Starting with the line that has "Cans of paint, wood" in the records below and stopping after the line that has "Meissen mocha service", output every line exactly and nothing else; skip pictures.

### THE DATA
Segment Open

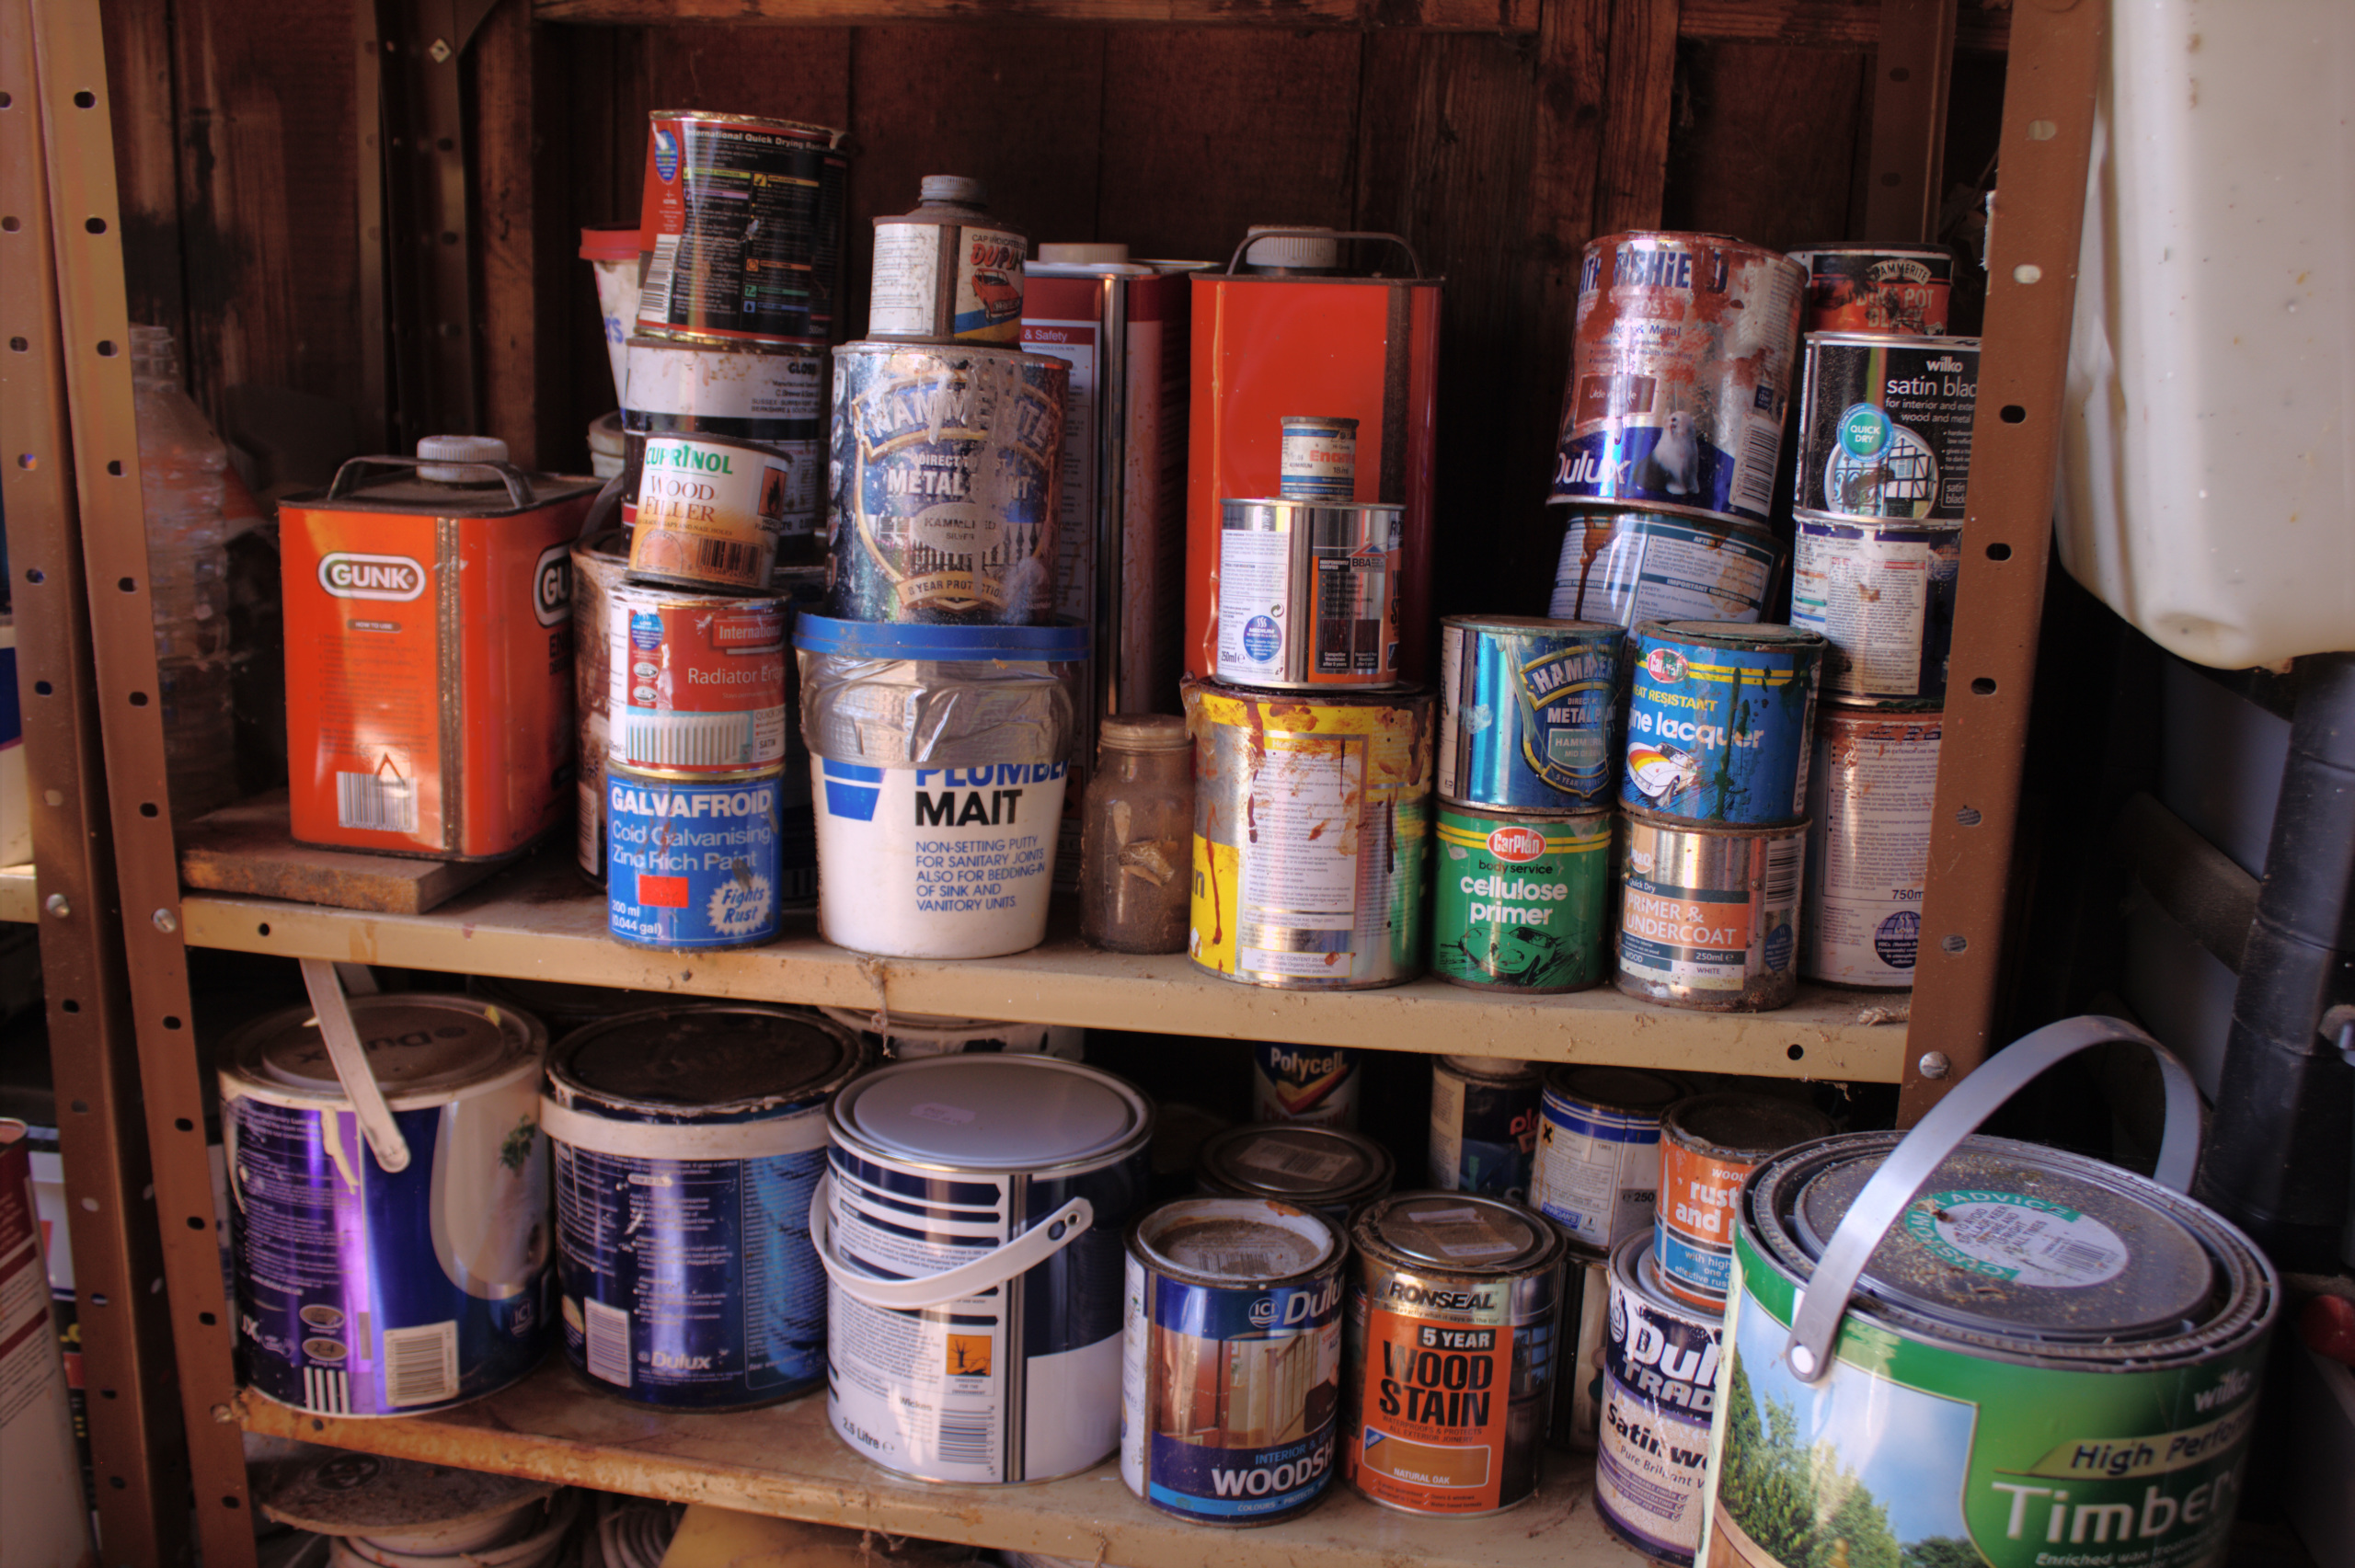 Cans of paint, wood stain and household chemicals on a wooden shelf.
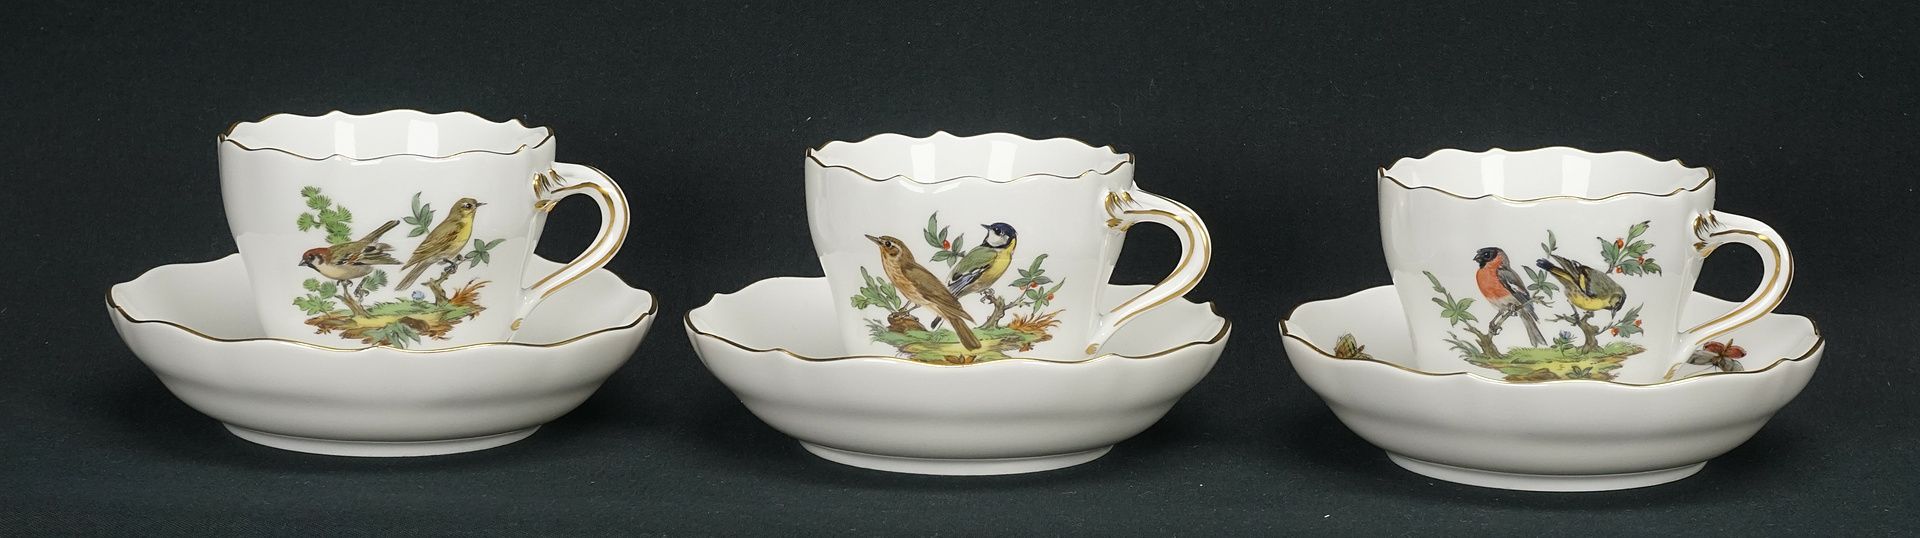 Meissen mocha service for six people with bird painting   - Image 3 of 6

Segment Closed
Segment Open

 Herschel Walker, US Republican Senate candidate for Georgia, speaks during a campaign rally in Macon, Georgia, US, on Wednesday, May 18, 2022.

Segment Closed

### RESPONSE AREA
 Cans of paint, wood stain and household chemicals on a wooden shelf.
 Meissen mocha service for six people with bird painting   - Image 3 of 6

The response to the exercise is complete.